• **Recorded data**
•••

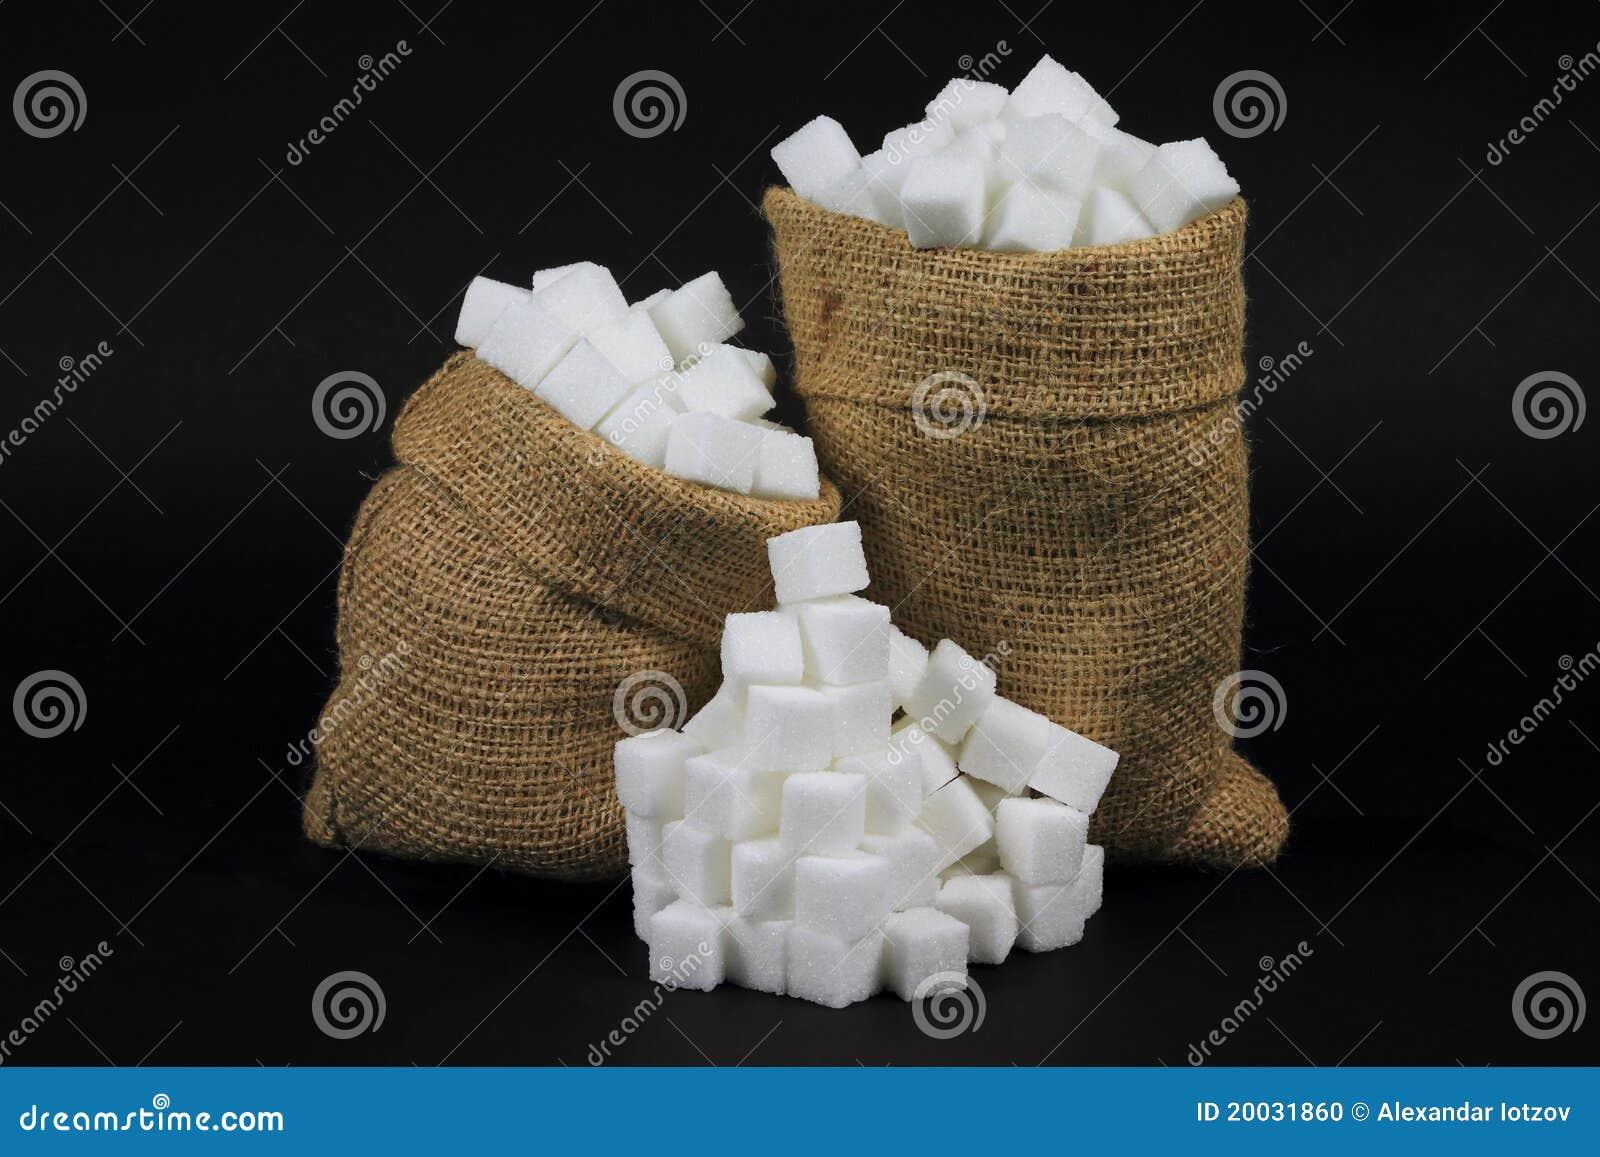 кубики мешковины мешков черные над сахаром
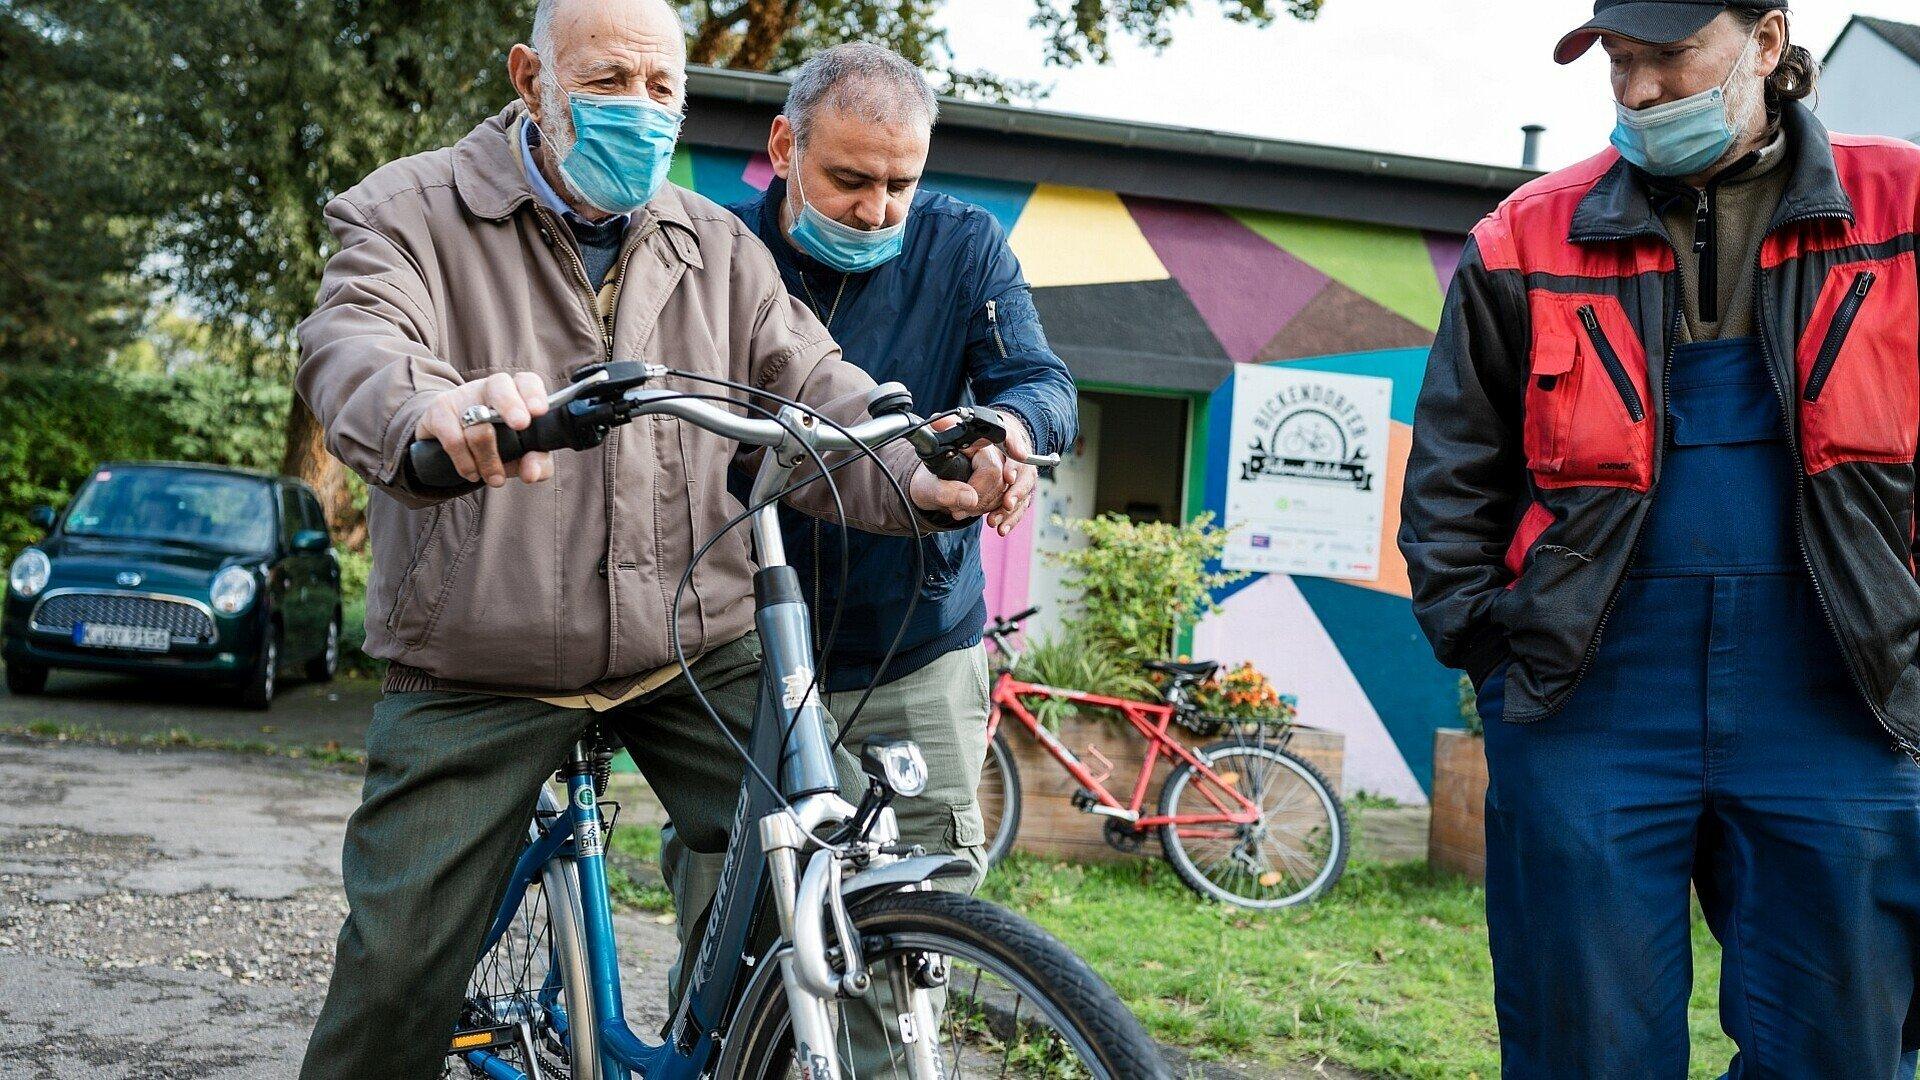 Testfahrt am Bickendorfer Fahrradbüdchen
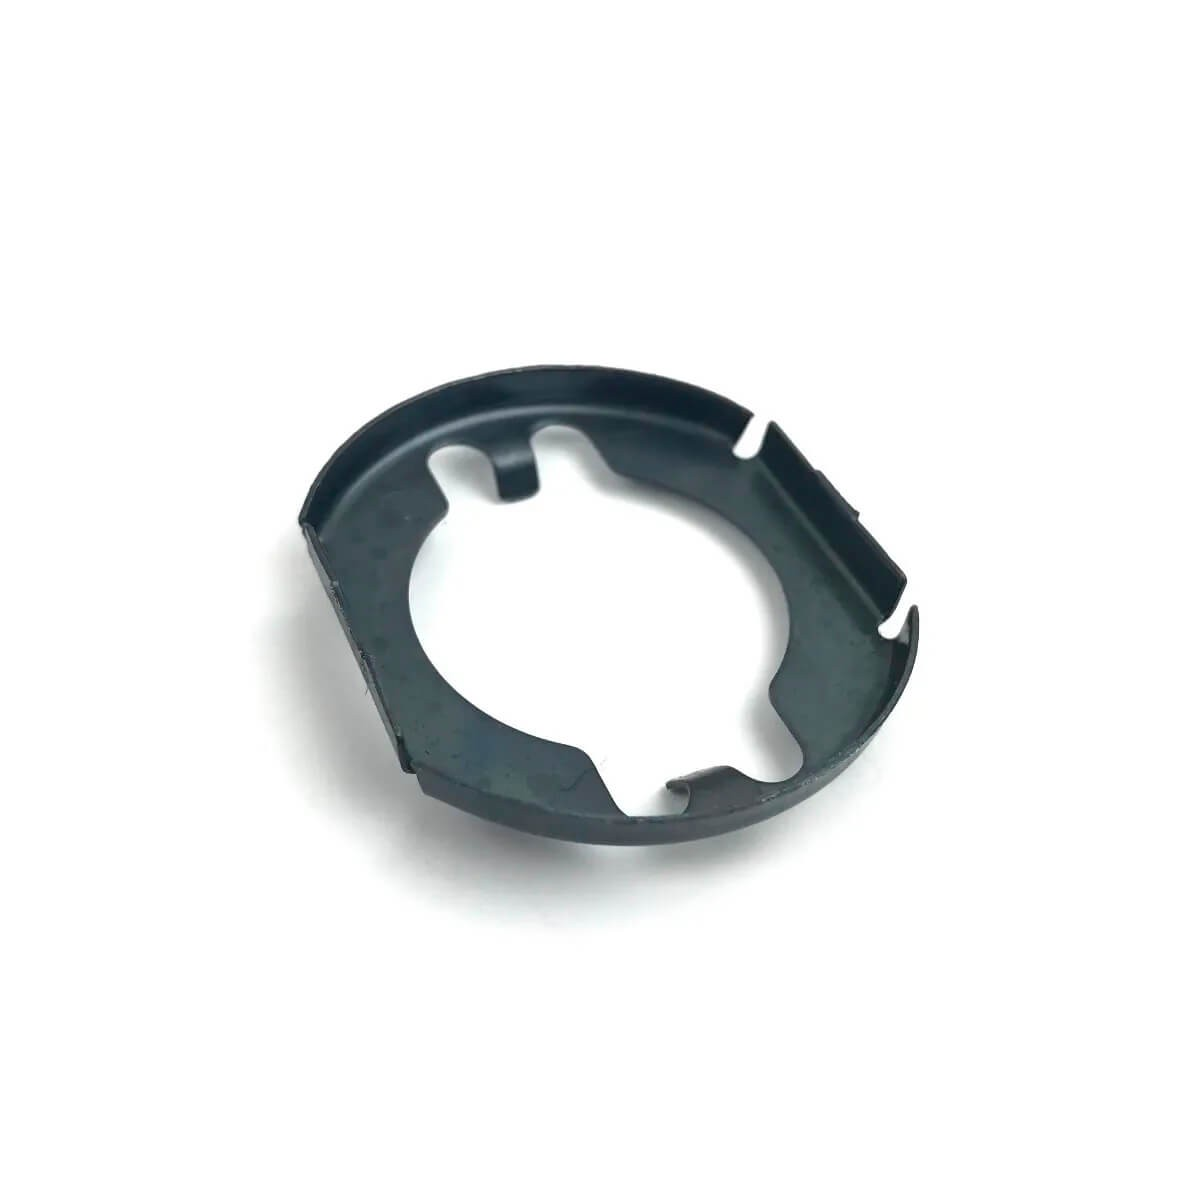 Kit Arruela Engaste Rolamento Lavadora Electrolux - 10un - 61290897

•••

• **Problem statement**
Reproduce the data above exactly, leaving out any picture in it.

• **Response area**
 кубики мешковины мешков черные над сахаром
 Testfahrt am Bickendorfer Fahrradbüdchen
 Kit Arruela Engaste Rolamento Lavadora Electrolux - 10un - 61290897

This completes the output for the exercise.